In [1]:

using Polynomials, PyPlot, LinearAlgebra
# force IJulia to display as LaTeX rather than HTML
Base.showable(::MIME"text/html", ::Polynomial) = false

Eigenvalues: The Key Idea¶

If we can find a solution $x \ne 0$ to

$$ Ax = \lambda x $$

then, for this vector, the matrix $A$ acts like a scalar. $x$ is called an eigenvector of $A$, and $\lambda$ is called an eigenvalue.
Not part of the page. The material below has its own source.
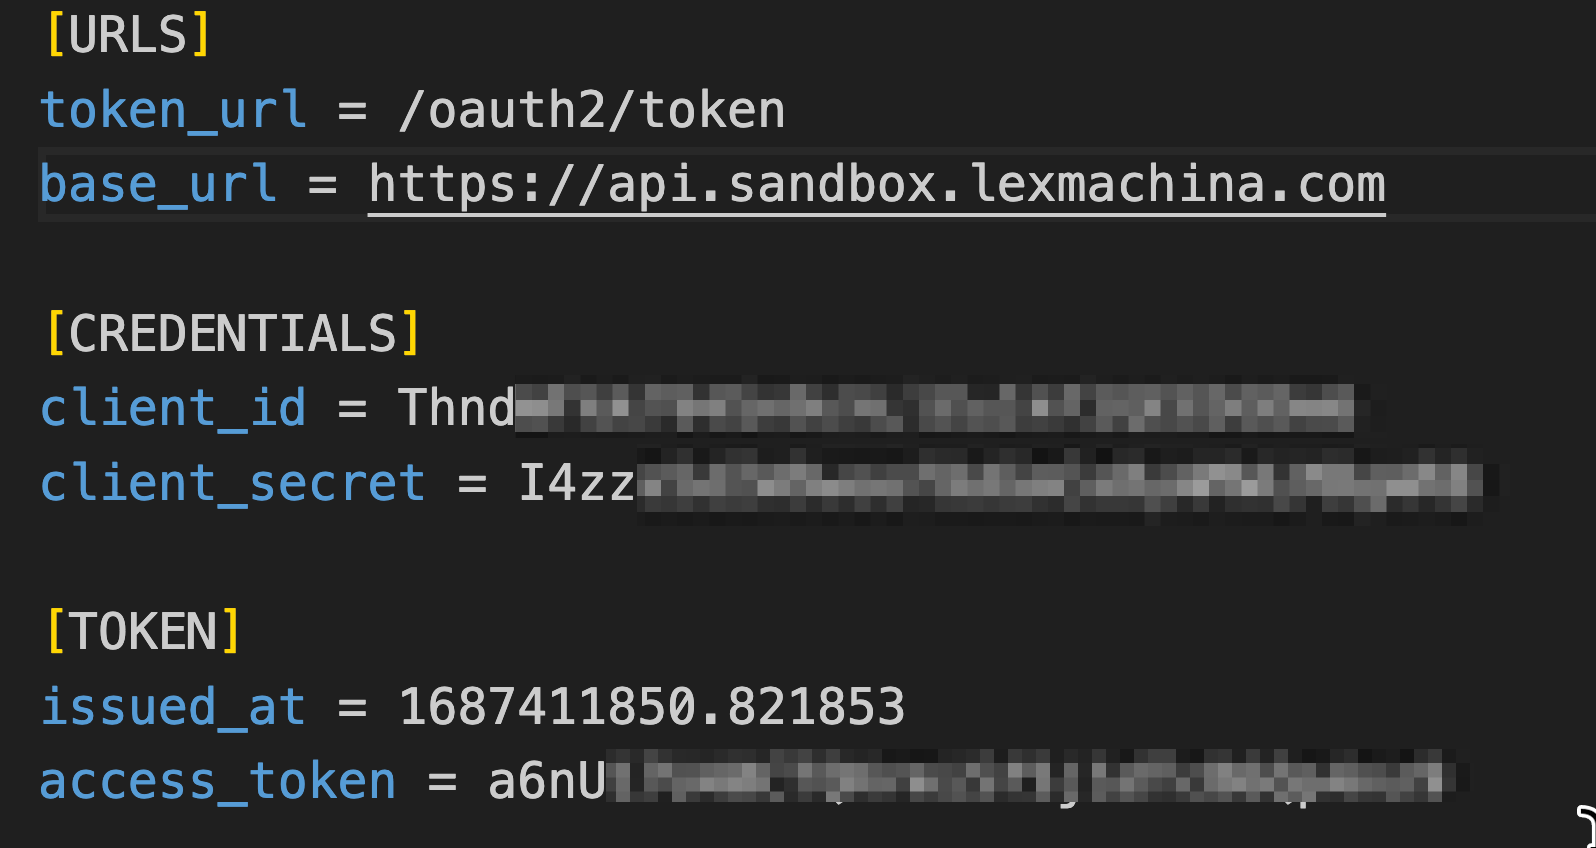 ini file showing base_url=https://api.sandbox.lexmachina.com

In fact, for an $m \times m$ matrix $A$, we typically find $m$ linearly independendent eigenvectors $x_1,x_2,\ldots,x_m$ and $m$ corresponding eigenvalues $\lambda_1, \lambda_2, \ldots, \lambda_m$. Such a matrix is called diagonalizable. Most matrices are diagonalizable; we will deal with the rare "defective" (non-diagonalizable) case later.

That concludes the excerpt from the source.